● **WORK TO BE COMPLETED**
Reproduce the listing exactly. Omit pictures.

● **DATA PROVIDED**
# # # #
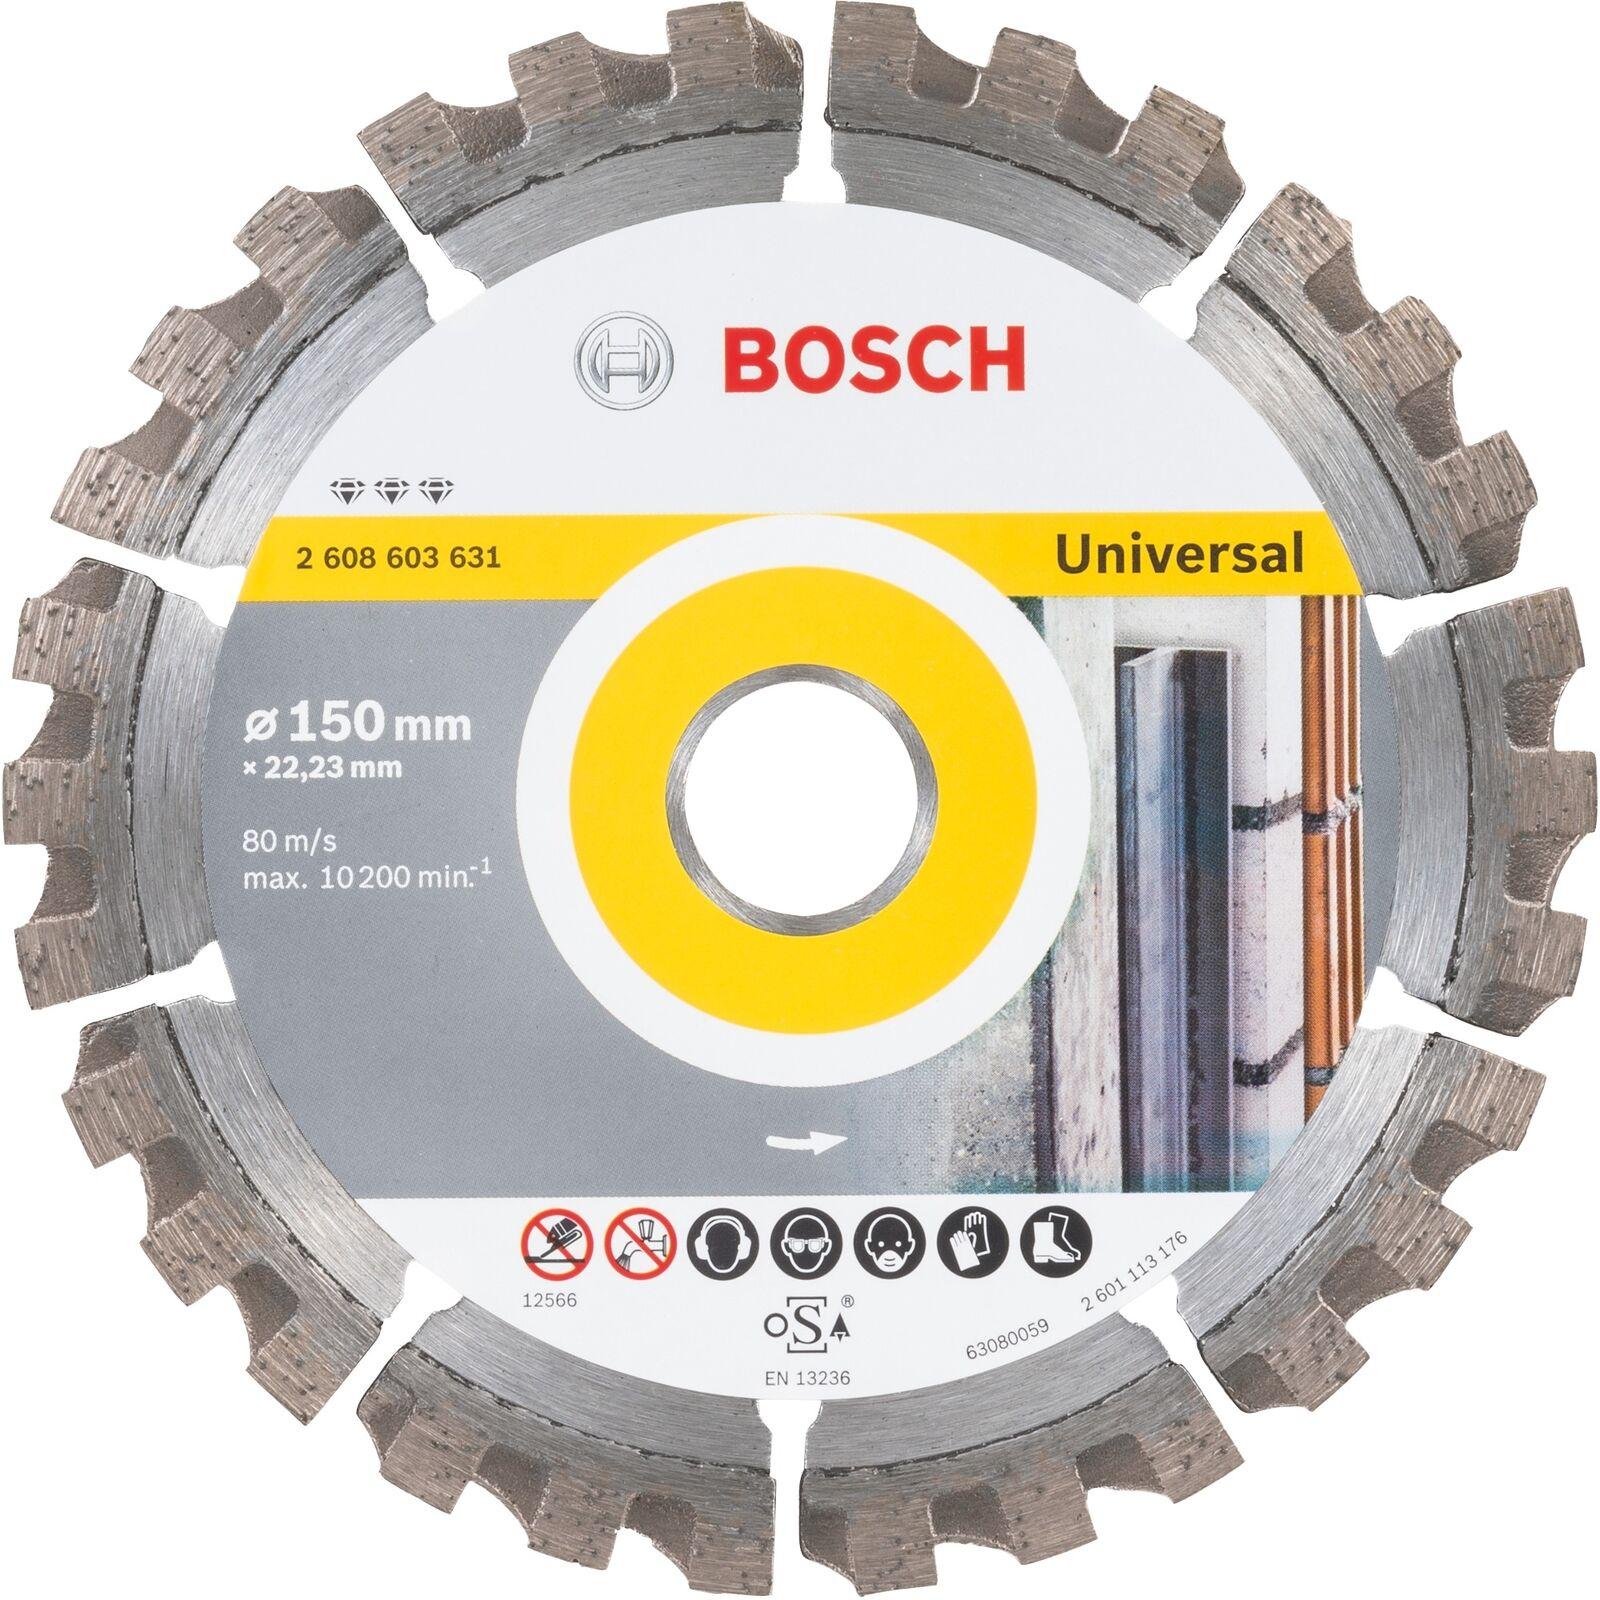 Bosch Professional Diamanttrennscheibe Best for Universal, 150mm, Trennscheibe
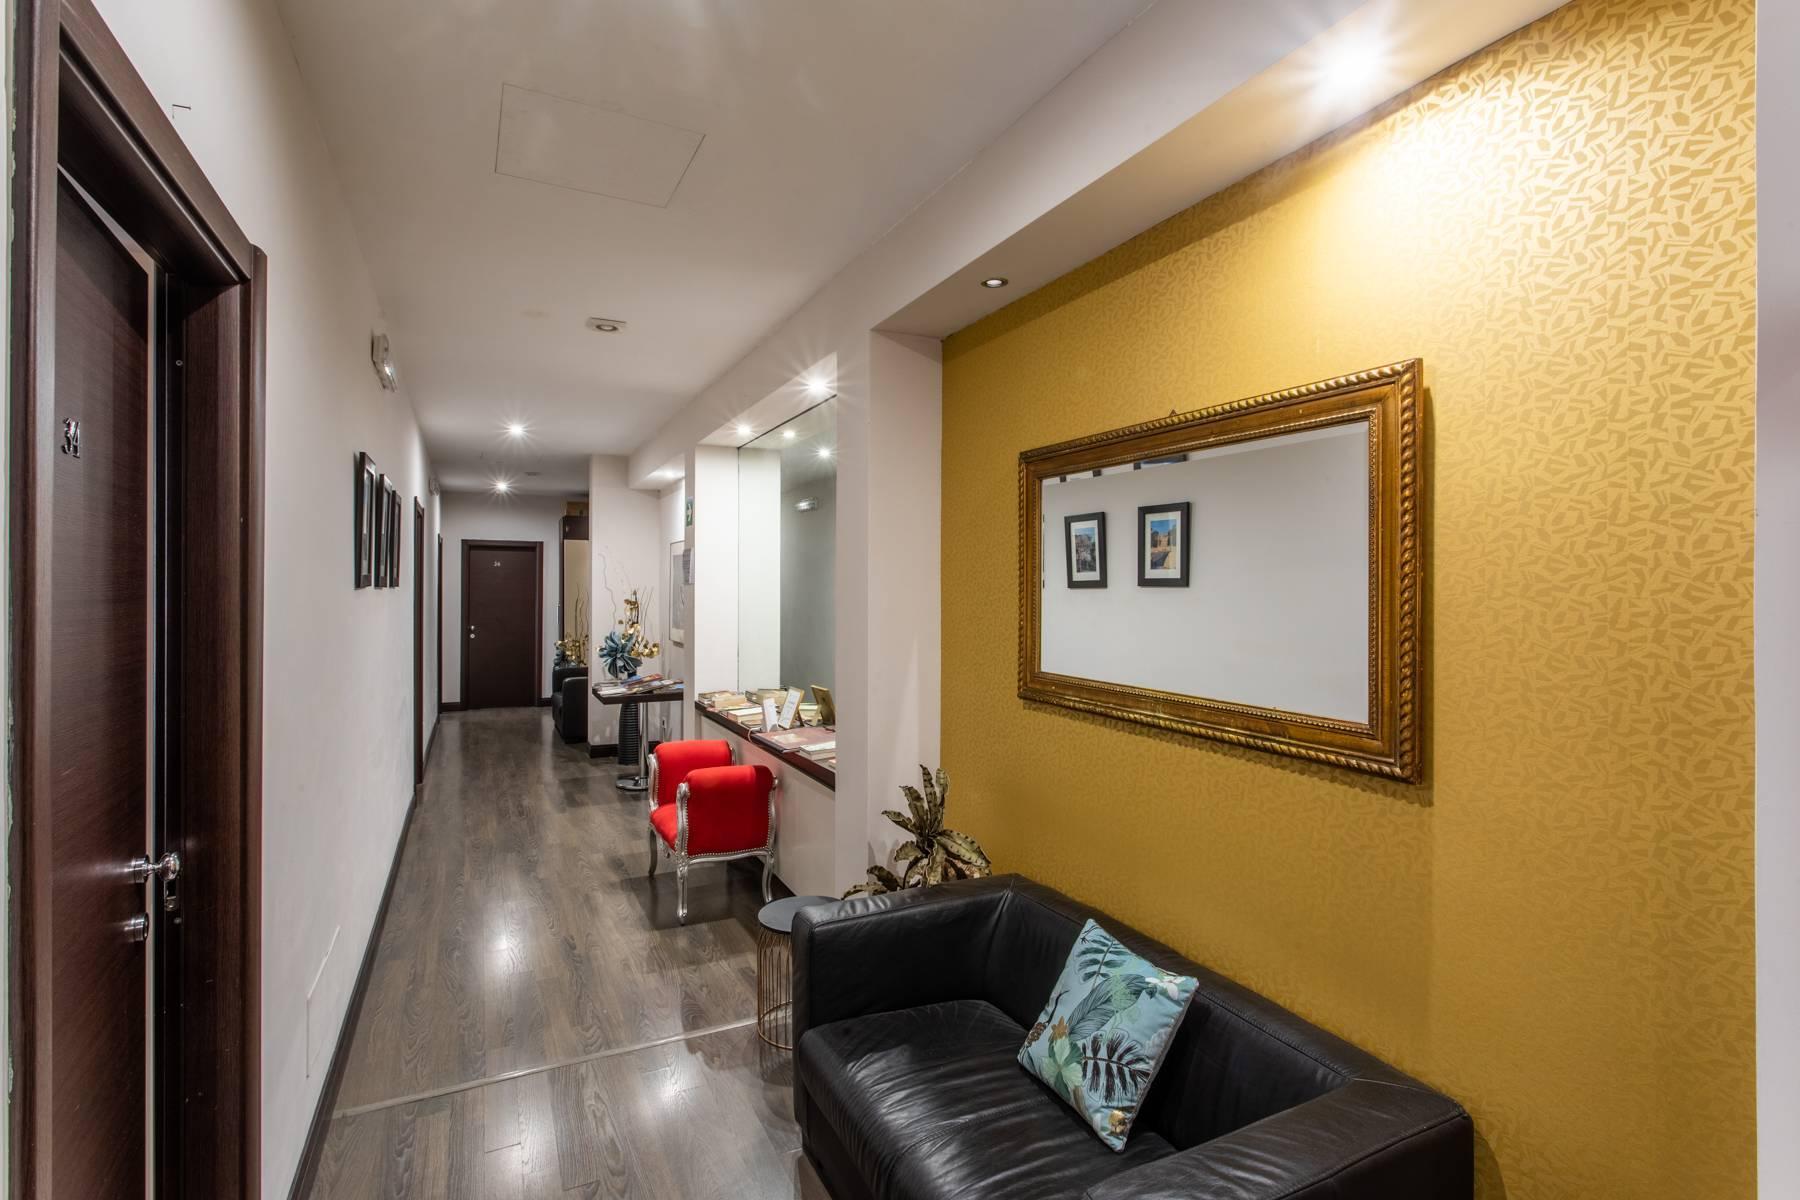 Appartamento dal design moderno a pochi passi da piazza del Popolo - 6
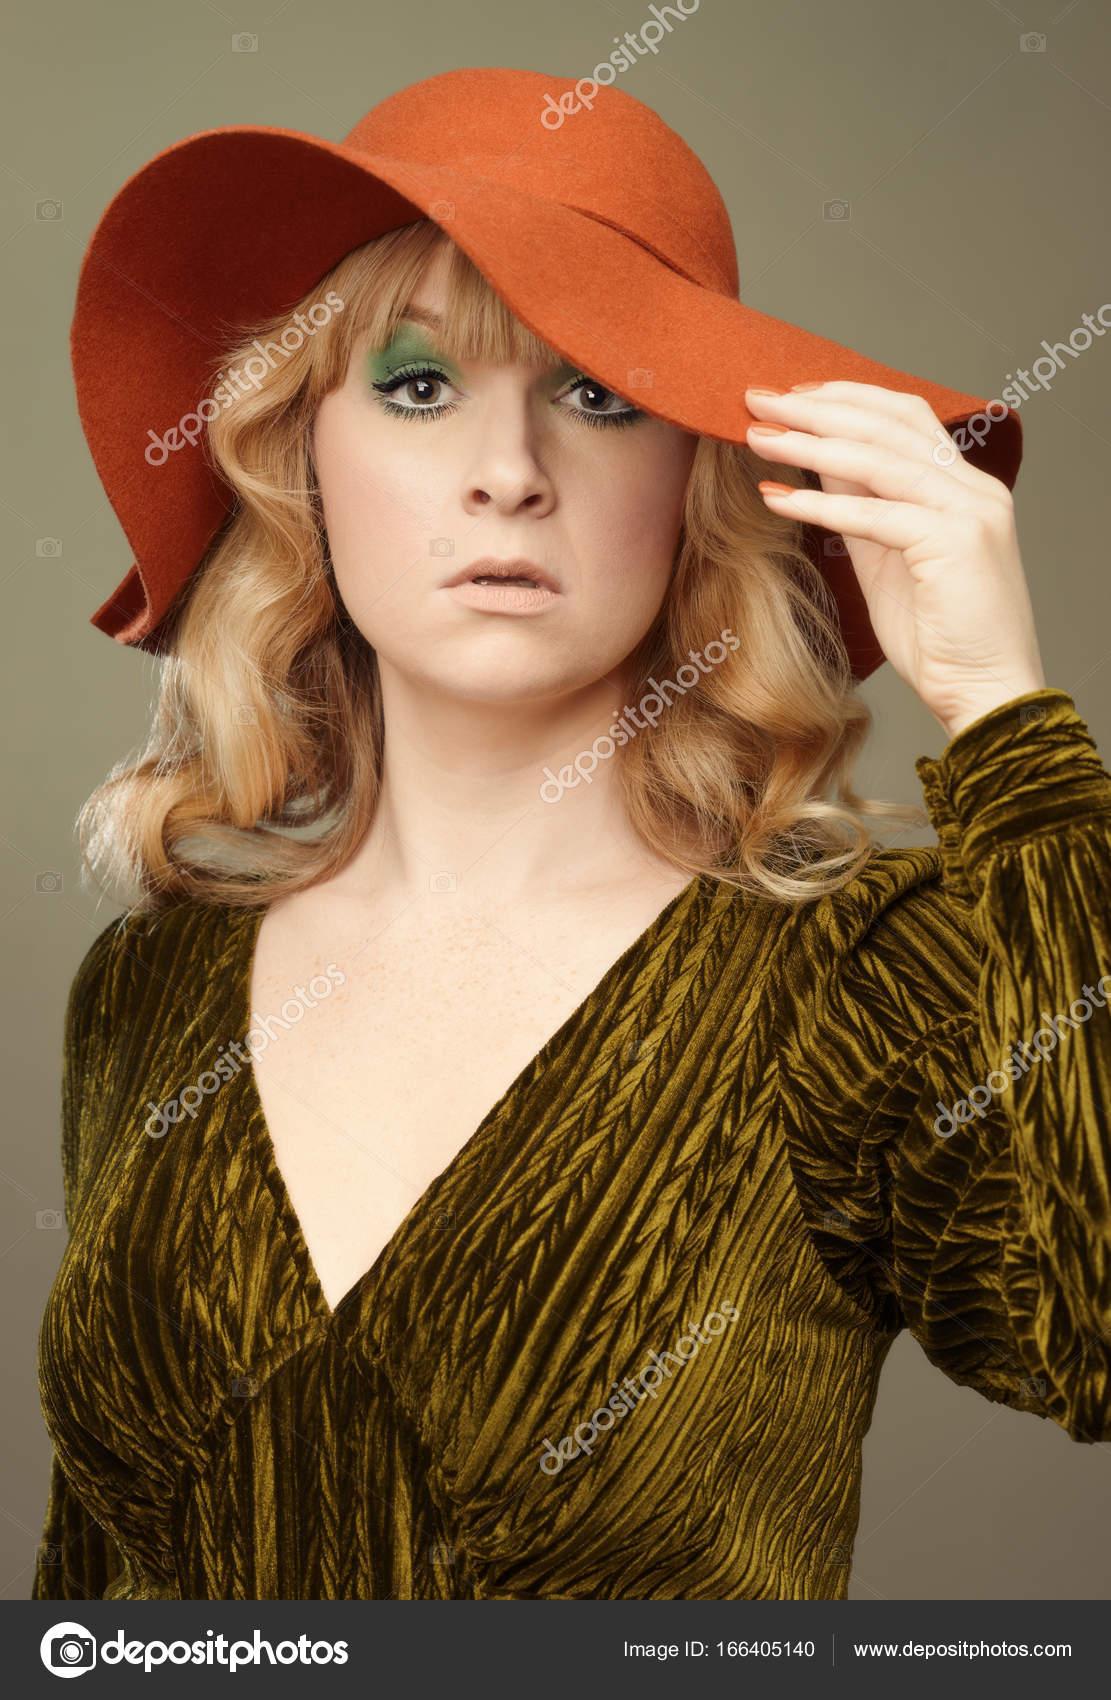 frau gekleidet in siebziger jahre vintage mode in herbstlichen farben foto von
# # # #
● **FINAL ANSWER**
 Bosch Professional Diamanttrennscheibe Best for Universal, 150mm, Trennscheibe
 Appartamento dal design moderno a pochi passi da piazza del Popolo - 6
 frau gekleidet in siebziger jahre vintage mode in herbstlichen farben foto von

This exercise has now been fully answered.